Michèle Najlis /
Granada, Nicaragua, 1946
A Jorge Timossi,
que comenzó a inventar este cuento
I
Según testimonio incuestionable de las crónicas de hace más de dos mil años, la mayor dificultad que tenían que enfrentar los audaces que emprendían la travesía del desierto, era el encuentro con la Esfinge, ser mitológico mitad león y mitad mujer, que, mirando fijamente al caminante, le hacía tres preguntas que nadie lograba contestar. Ante lo cual la Esfinge procedía a devorarlos.
Un día Edipo Rey, luego de haberse arrancado los ojos para escapar de su propia oscuridad, emprendió la travesía del desierto. Cuando sintió sobre su piel la mirada terrible de la Esfinge, Edipo, impasible, formuló la primera pregunta:
—¿Por qué un hombre se enamora irremediablemente de una mujer, y ella de él, aunque esto sea la perdición de ambos?
Edipo escuchó atentamente largo rato, pero a sus oídos sólo llegó el ruido de la arena movida por el viento del desierto.
Ante el silencio de la Esfinge, habló nuevamente Edipo:
—¿Por qué, Enigma Misterioso, es tan difícil la verdad?
Nuevamente, sólo el ruido de la arena llegó hasta el caminante.
—Y dime, Esfinge implacable, ¿por qué la justicia y la venganza están siempre tan cercanas? ‒preguntó nuevamente el ciego.
Un silencio terrible rodeó esta vez al desgraciado rey. Ni el viento, ni siquiera las arenas del desierto, se atrevieron a interrumpir el silencio de la piedra.
Largo tiempo transcurrió, y ningún sonido salió de la boca de la Esfinge. Pese a lo cual Edipo no la devoró.
II
Las preguntas de los inmortales son peores que la muerte misma, porque los secretos de la eternidad son infinitos.
Torturada por atroces interrogantes, y condenada a la inmovilidad que le impedía recorrer el universo en busca de respuestas, la Esfinge aprovechaba siempre la presencia de algún caminante extraviado para interrogarlo, con la esperanza tenaz de recibir una respuesta. Pero al formular la pregunta, inevitablemente la Esfinge revelaba parte de sus secretos más profundos. Por eso devoraba al caminante que había escuchado sus palabras. Después, nuevamente sola en medio de las dunas del desierto, la Esfinge se quedaba más triste y más eterna, abrumada por el dolor irremediable de su angustia.
Cuando vio venir a Edipo, ciego, con las cuencas de los ojos vacías, la Esfinge sintió un dolor más agudo que su propio dolor, y esta vez las preguntas se asfixiaron en la garganta inmóvil de la piedra. Al escuchar las palabras del rey hubiera querido, ella también, arrancarse los ojos de la cara. Lo vio alejarse sin poder darle respuesta.
Mucho tiempo transcurrió sin que nadie cruzara esa parte del desierto. La Esfinge permanecía sola, sin poder siquiera pedir la ayuda de los efímeros mortales que extraviaban sus pasos en las dunas y que, famélicos y sedientos, casi muertos, podían sin embargo poseer la respuesta a su dolor.

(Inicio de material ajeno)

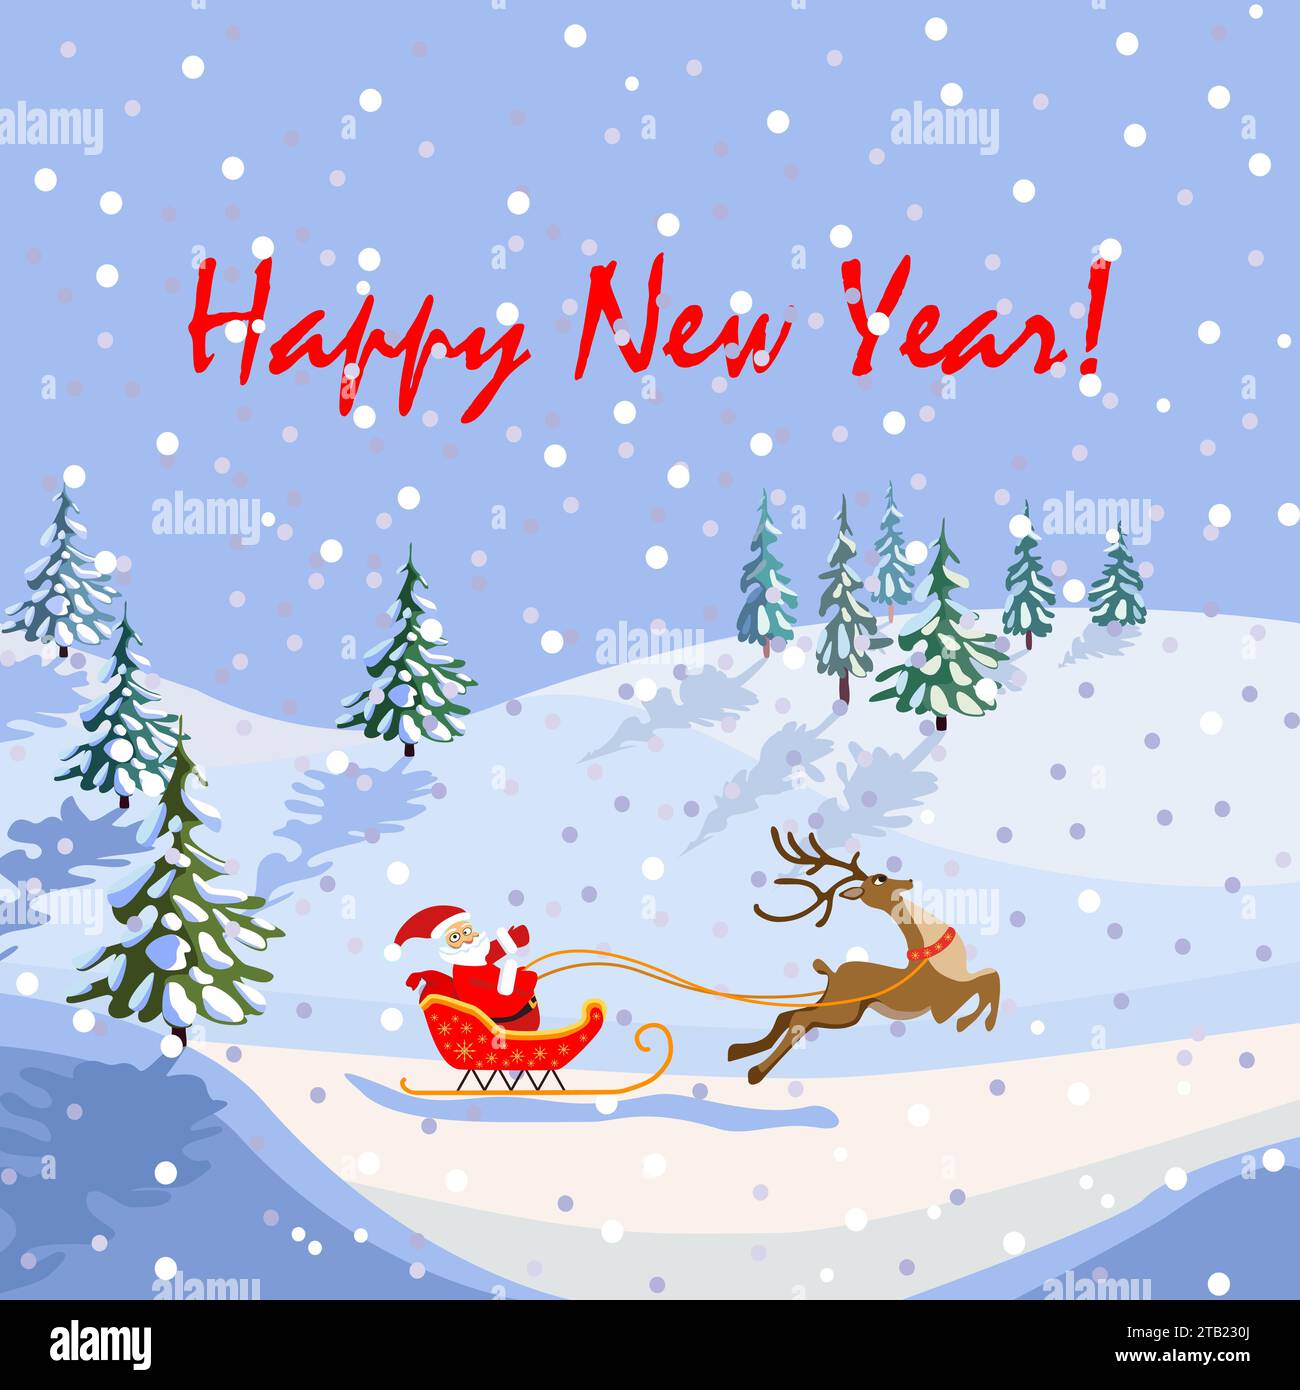 Happy New Year greeting card, santa on a sleigh with reindeer, Not AI, hand drawn Stock Vector

Una tarde, a la hora del crepúsculo, vio un punto moverse a lo lejos. La Esfinge temió que fuera un espejismo, pues los dioses y las piedras sucumben también a la ilusión de los sentidos. El punto fue acercándose, hasta que pudo ver con claridad a una mujer muy bella, espigada y flexible, que sonreía serena a pesar de los vientos feroces del desierto.
Cuando estuvo al alcance de su voz, la Esfinge preguntó:
—¿Por qué un hombre se enamora irremediablemente de una mujer, y ella de él, aunque esto sea la perdición de ambos?
—Por lo mismo que se abren los capullos ‒respondió la mujer.
—¿Y por qué ‒preguntó la Esfinge‒ es tan difícil la verdad?
—Ya lo dijo el poeta ‒contestó‒. «Lo más terrible se aprende enseguida y lo hermoso nos cuesta la vida».
—¿Y por qué, mujer, la justicia y la venganza están siempre tan cercanas?
—Porque la huella del dolor jamás deja de sangrar.
La piedra hubiera deseado, por primera vez desde que transcurría su infinita eternidad, tener el don de la sonrisa.
La joven, compasiva, acarició tiernamente el lomo de la Esfinge, le dio un beso en la frente, y siguió su camino.